So some time ago, I asked this question on finding the exact value of the sine of ten degrees. While I did get the wrong answer, I was wondering if I would be able to get the correct value of the sine of ten degrees using the method that I had used.
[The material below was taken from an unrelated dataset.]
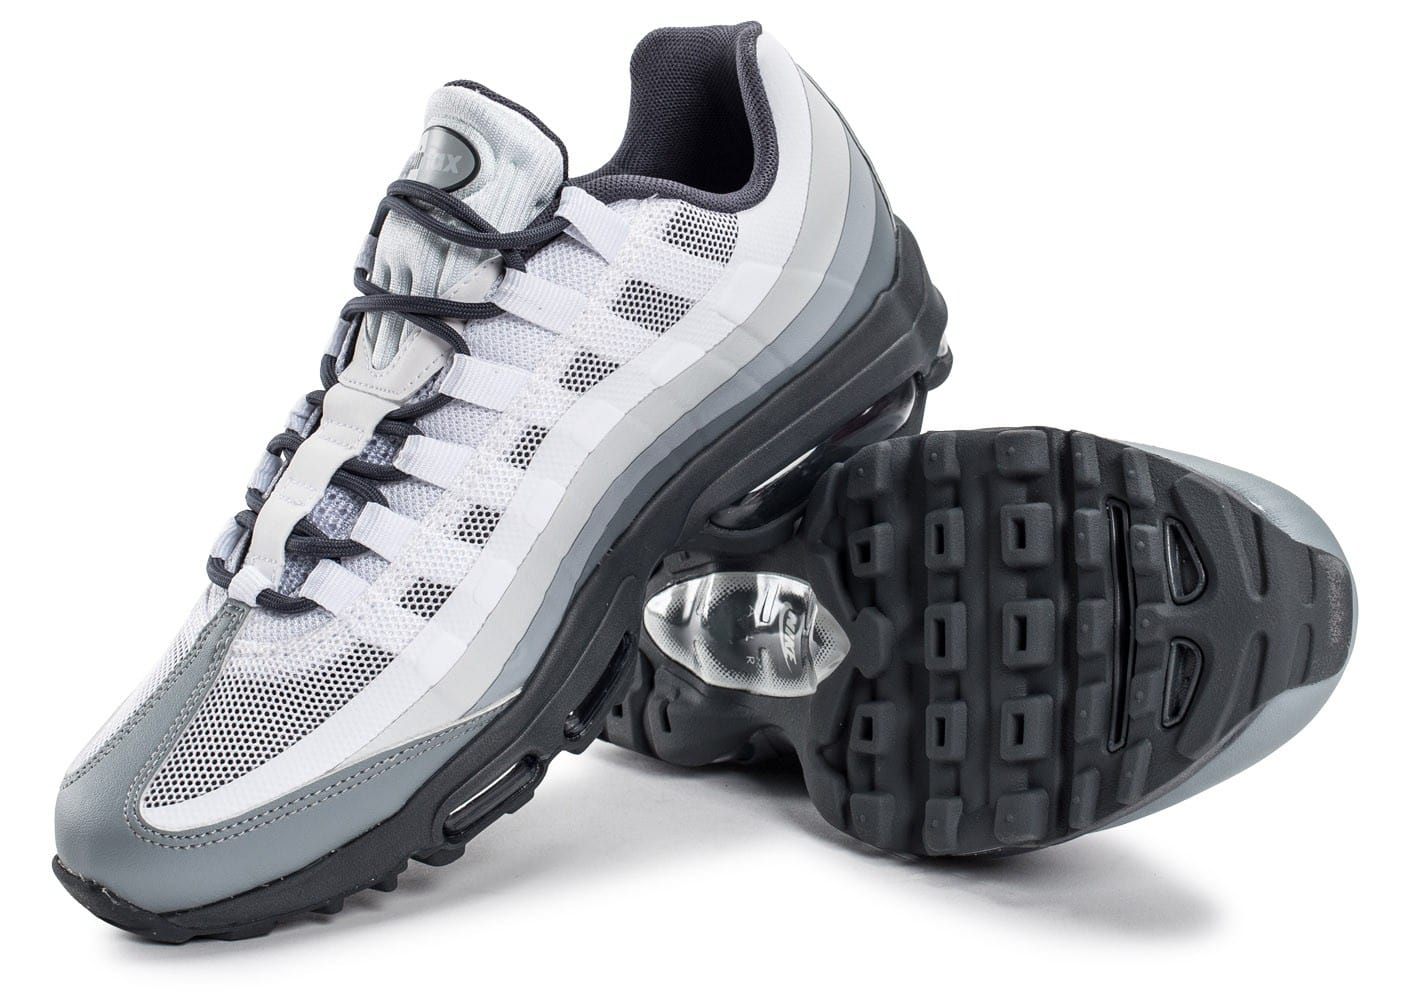 online store 14a4c 9c128 Nike Sportswear Air Max 95 Ultra femme - chaussures pour femme - blanc-menthe-bleu.  Rabais Homme 93509 Nike Air Max 95 Ultra Essential ...
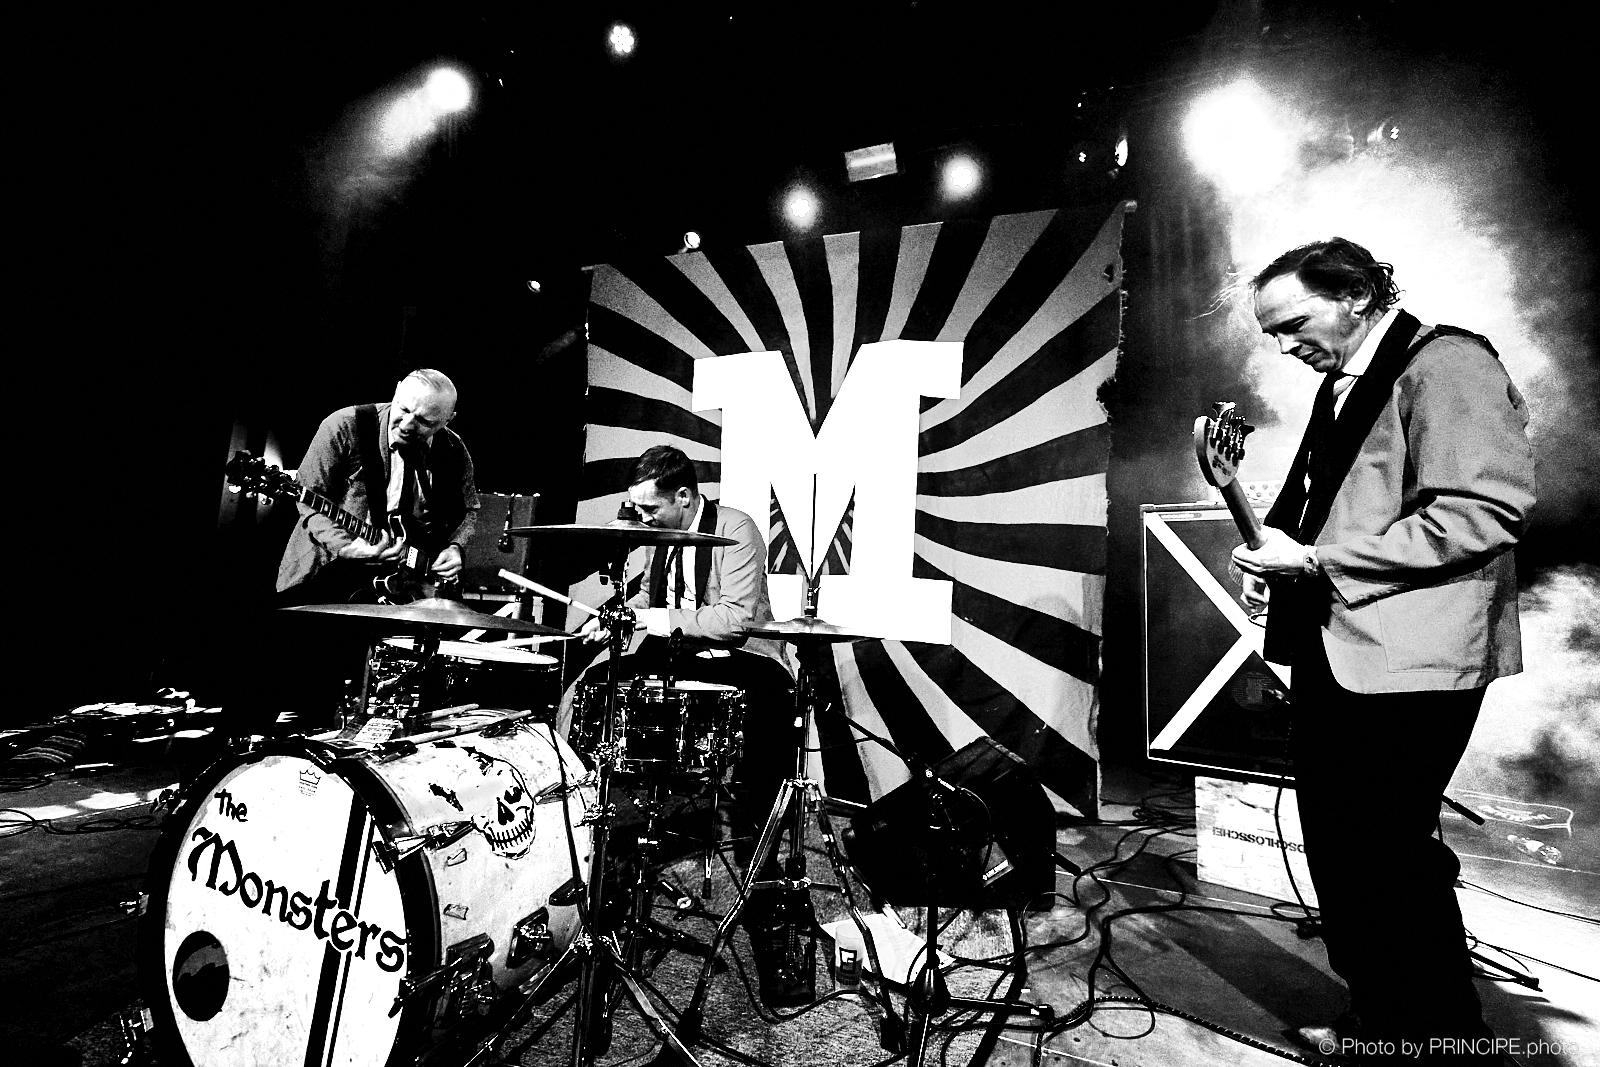 The Monsters @ Voodoo Rhythm Label Night

Here is my attempt at doing so:$\def\a#1{#1\unicode{xB0}}$
$$\sin(30\unicode{xB0})$$$$=\sin(\a{10}+\a{20})$$$$=\sin(\a{10})\cos(\a{20})+\cos(\a{10})\sin(\a{20})$$$$=\sin(\a{10})(1-2\sin(\a{20}))+2\sin(\a{10})\cos(\a{10})\cos(\a{10})$$$$=\sin(\a{10})-2\sin^3(\a{10})+2\sin(\a{10})-2\sin^3(\a{10})$$$$=3\sin(1\a0)-4\sin^3(1\a0)$$Now, letting$$1\a0=\dfrac x3$$$$3\sin(1\a0)-4\sin^3(1\a0)\gets3\sin\left(\dfrac x3\right)-4\sin^3\left(\dfrac x3\right)$$Now, we set what we have gotten equal to $\sin(x)$:$$\sin(x)=3\sin\left(\dfrac x3\right)-4\sin^3\left(\dfrac x3\right)$$
Then, we put this into a cubic formula situation:$$4\sin^3\left(\dfrac x3\right)-3\sin\left(\dfrac x3\right)+\sin(x)=0$$$$\dfrac{\sin^3\left(\dfrac x3\right)}{\dfrac14}-\dfrac{\sin\left(\dfrac x3\right)}{\dfrac13}+\sin(x)=0$$$$4\sin^3\left(a\right)-3\sin(a)+\sin(3a)=0$$Now here's something that I then found out when writing this out:$$4\sin^3(x)-3\sin(x)\equiv-\sin(3x)$$$$\therefore-\sin(3x)+\sin(x)=0$$$$\implies-\sin(x)+\sin\left(\dfrac x3\right)=0$$But I realized that this might be wrong, so I went back to the equation and did this:$$4\sin^3\left(\dfrac x3\right)-3\sin\left(\dfrac x3\right)+\sin(x)=0$$Now, according to De Moivre's Formula:$$(\cos(x)+i\sin(x))^n=\cos(nx)+i\sin(nx)$$Now you may be asking, how does this relate to the exact value of $\sin(10\unicode{xB0})$ when you're already doing the route of the cubic formula solution? Here's how:
We don't need to use the cubic formula. Instead, we expand what we have using De Moivre's Formula so then we can plug in $30$ for $x$ and then simplify to get the exact value of $\sin(10\unicode{xB0})$, and here's how we do that:$$4\sin^3\left(\dfrac x3\right)-3\sin\left(\dfrac x3\right)+\sin(x)\equiv-4i\left(i\sin^3\left(\dfrac x3\right)\right)$$$$-\left(-3i\left(i\sin\left(\dfrac x3\right)\right)\right)+\sin(x)$$$$\equiv-4i\left((\cos(x)+i\sin(x))^2(\cos(x)-i\sin(x))\right)^\frac13+4i\cos^3\left(\dfrac x3\right)$$$$-\left(-3i\left(\cos(x)+i\sin(x)\right)^\frac13\right)-3i\cos\left(\dfrac x3\right)+\sin(x)$$$$\text{Which can be rearranged as }-4i\left((\cos(x)+i\sin(x))^2(\cos(x)-i\sin(x))\right)^\frac13$$$$+4i\cos^3\left(\dfrac x3\right)+3i(\cos(x)+i\sin(x))^\frac13-3i\cos(x)+\sin(x)$$Now plugging in thirty for $x$ and simplifying, we get$$-4i\left(\dfrac{\sqrt3+i}2\right)^\frac13-2i\sqrt3+3i\left(\dfrac{\sqrt3+i}2\right)^\frac13-\dfrac{3i\sqrt3}2+2.5\equiv\sin(10\unicode{xB0})$$
My question
Is my solution for the value of $\sin(10\unicode{xB0})$ correct using the method that I have used here, or what could I do to achieve the solution/achieve it more quickly?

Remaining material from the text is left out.